Extracted entries »

___

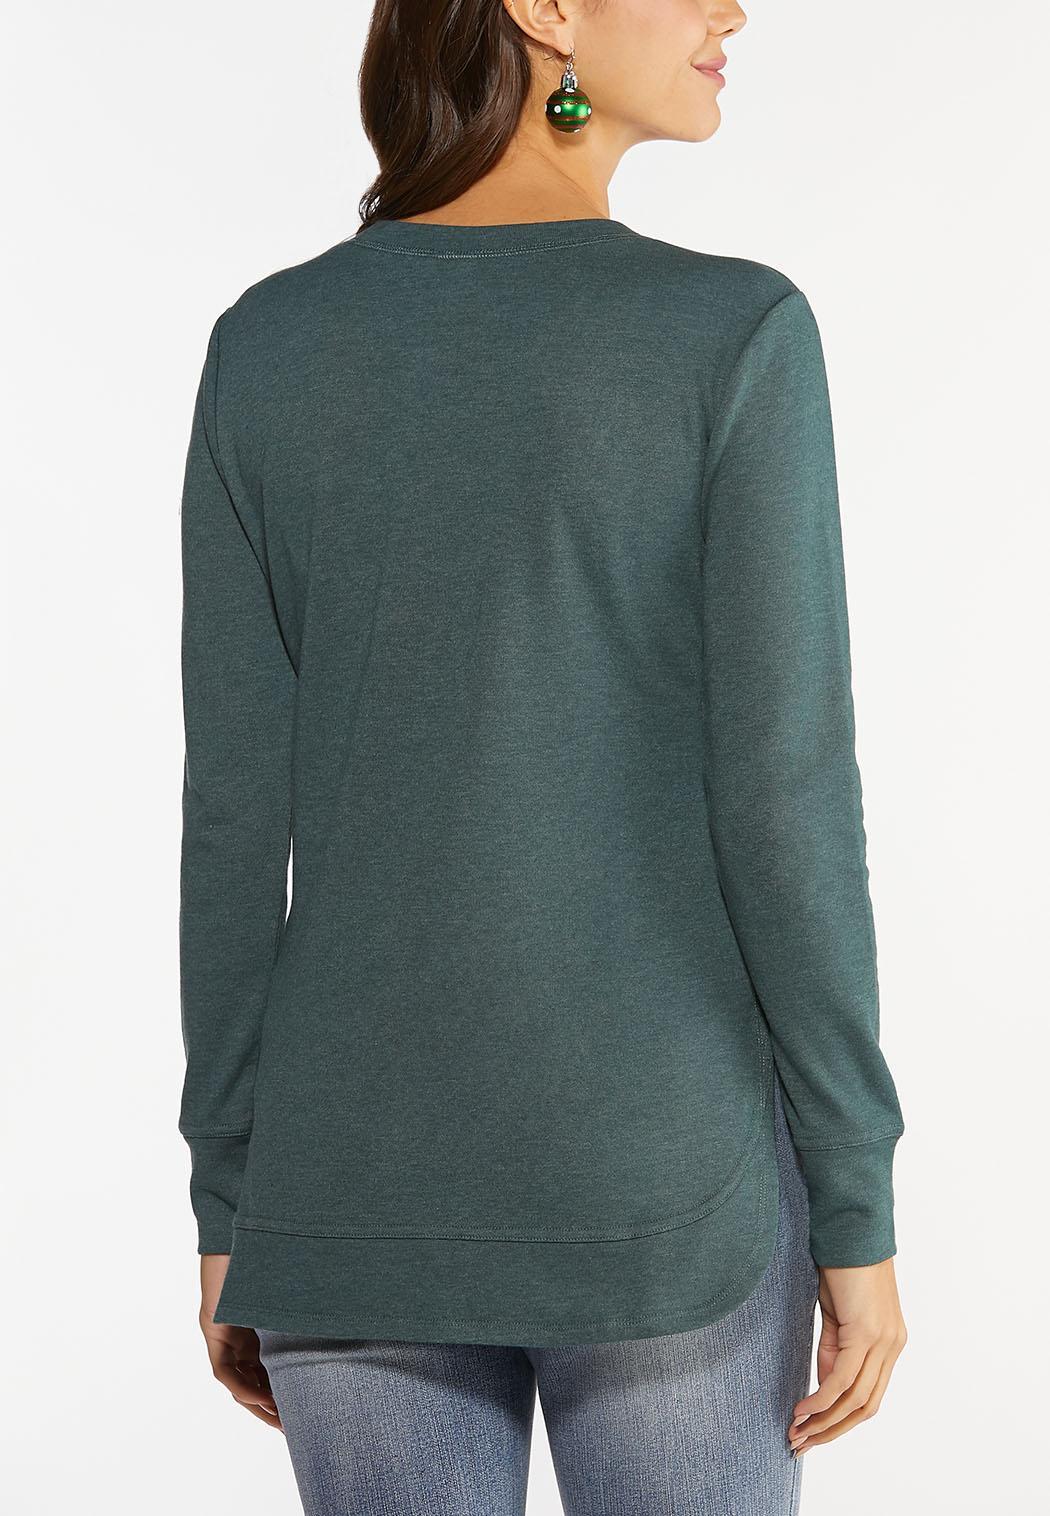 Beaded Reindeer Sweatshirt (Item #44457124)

___

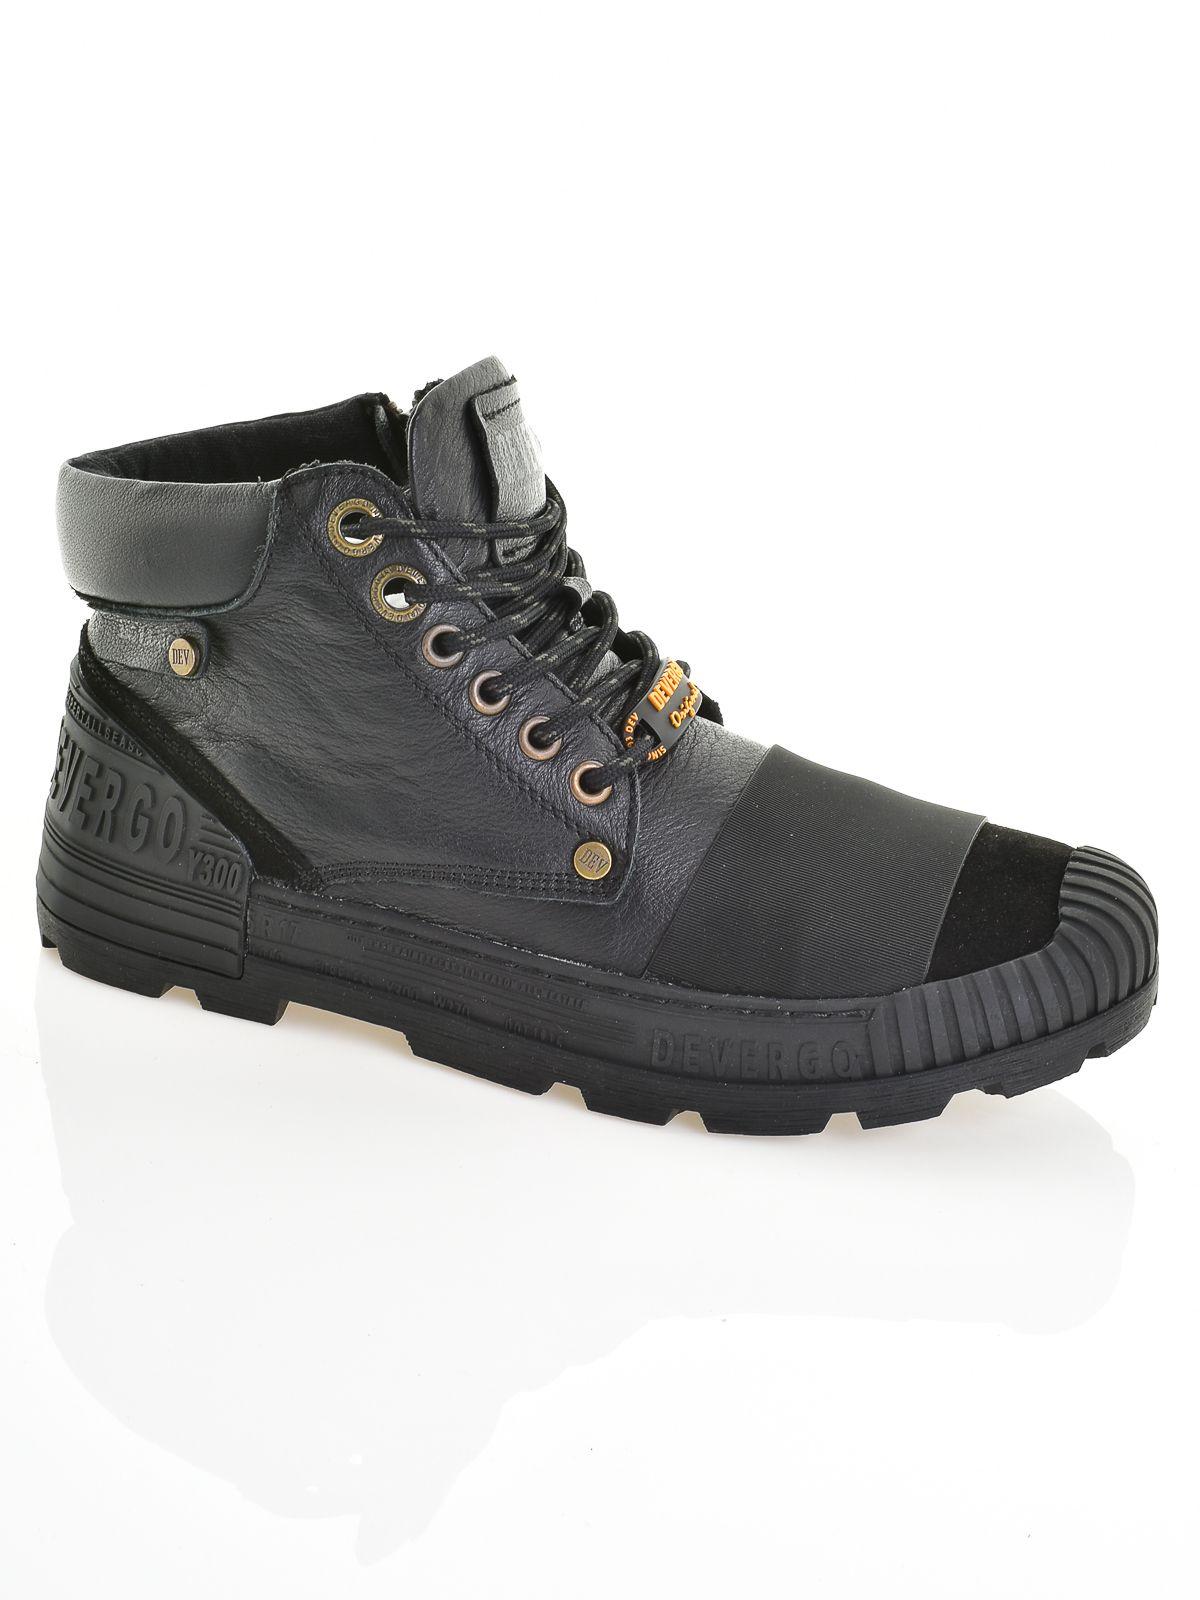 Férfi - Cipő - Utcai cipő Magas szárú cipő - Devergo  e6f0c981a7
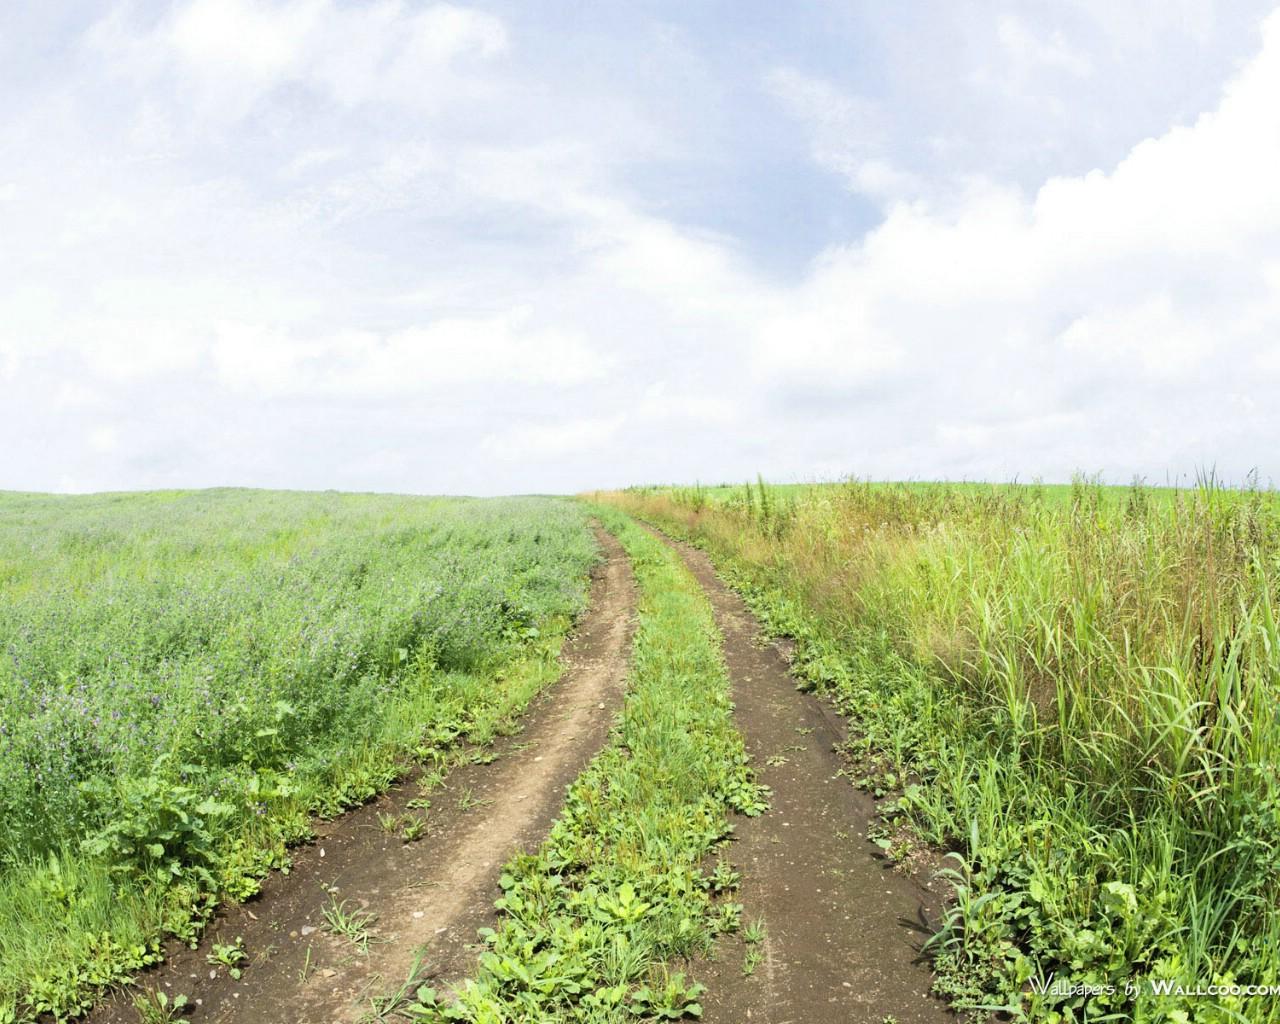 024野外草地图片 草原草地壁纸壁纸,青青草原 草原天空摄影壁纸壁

___

Task to carry out » In the listing above, find the line holding "Férfi - Cipő" and the line holding "024野外草地图片 草原草地壁纸壁纸,青青草原 草原天空摄影壁纸壁". Reproduce those two lines and all between them exactly, leaving out pictures.

Exercise result »
 Férfi - Cipő - Utcai cipő Magas szárú cipő - Devergo  e6f0c981a7
 024野外草地图片 草原草地壁纸壁纸,青青草原 草原天空摄影壁纸壁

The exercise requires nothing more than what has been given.